As I was deciding which song to blog about, I was torn between this song and “Thrive” by Casting Crowns. God whispered to my heart “You must know who you are before you can thrive.”
- How do we so easily forget who we are and Whose we are?
- Why is it that “…in the mirror all I see is who I don’t wanna be…”?
- Why do I struggle to do what I know is right and not do what I know is wrong?
I read an article on the story behind this song. In it Jason Gray says this:
“Most, if not all, of the time I really don’t want to sin, so that I do so seemingly against my own will. Or as the apostle Paul famously said, “I decide to do good, but I don’t really do it; I decide not to do bad, but then I do it anyway…”
So sin begins to look more like addiction than anything else, as though there is a ravenous hunger deep inside of me that demands to be fed. What is that hunger, I wonder? Genesis Chapter 3 tells us that one of the first consequences of sin entering the world is that the ground would be cursed, that we would eat by the sweat of our brow and the soil would produce weeds and thistles. This carries in it the idea of futility: that our efforts are frustrated, that no matter what we do, we feel it’s never enough–that perhaps we are never enough.”

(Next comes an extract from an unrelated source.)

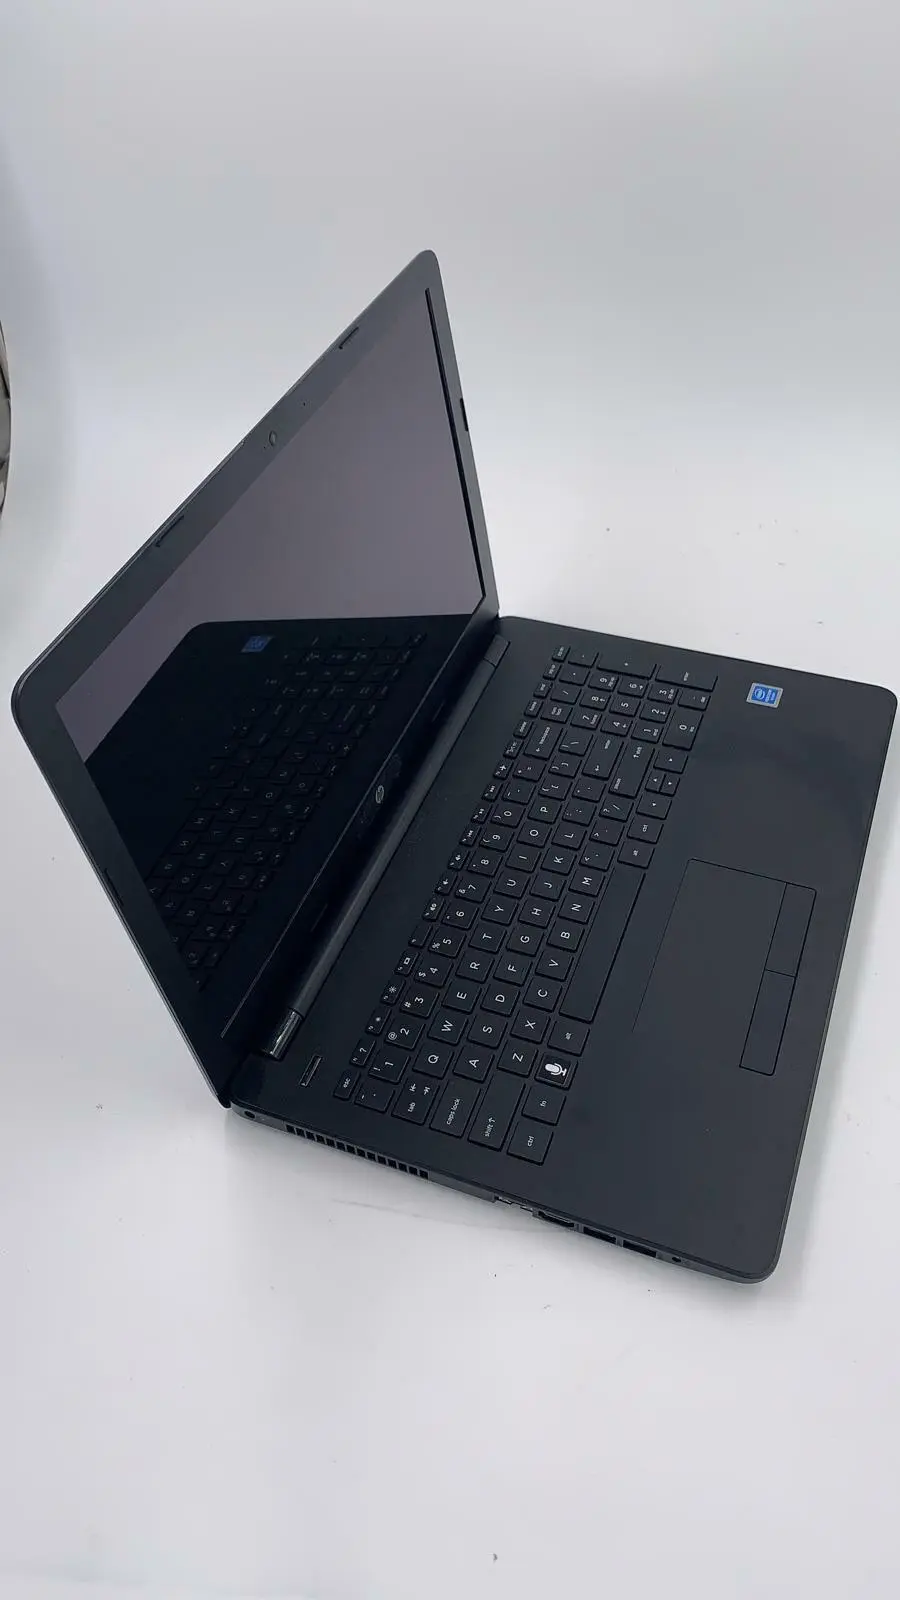 hewlett packard 15-bs2xx - Can I upgrade the HP Laptop 15 bs2xx
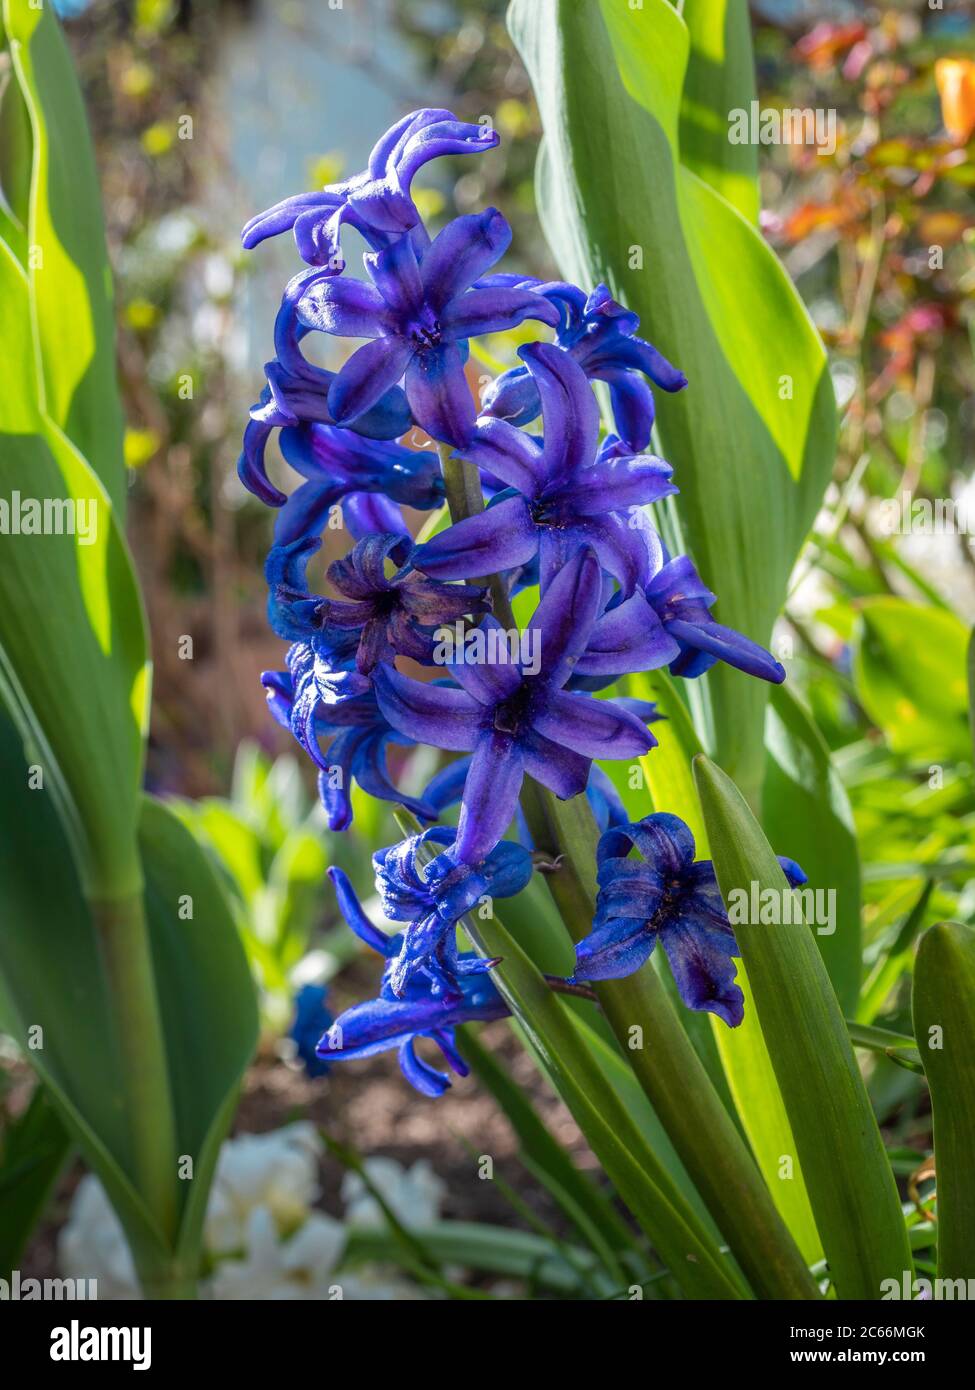 Jacinto de jardín azul, jacinto (Hyacinthus), familia de espárragos (Asparagaceae) Foto de stock

Oh, how I can relate. I have been ready to throw in the towel. I am “afraid I’ll never be enough.” Why? Because I have been trying to do it on my own. No matter how much effort I put into it, I am doomed to fail on my own. Only when I realize who God says I am and rely on Him to lead me will I have success.
Who does God say I am?
Colossians 3:12 AMP says I am “well-beloved [by God Himself,”
1 John 3:12 NASB tells us “now we are children of God,”
Zephaniah 3:17 NIV states “The Lord your God is with you…He will take great delight in you; He will rejoice over you with singing.”
Isaiah 49:16a AMP reminds us “Behold, I have indelibly imprinted (tattooed a picture of) you on the palm of each of My hands;”
Think about Isaiah 49:16 for a minute. Can you imagine the pain of having something inscribed (or tattooed) on the palm of your hand? How much more painful was it for God to sacrifice His only Son for me? I need to remind myself that God gave up everything for me so I don’t have to do life on my own.
All I need to do is ask God…
If I’m Your beloved, can You help me believe it?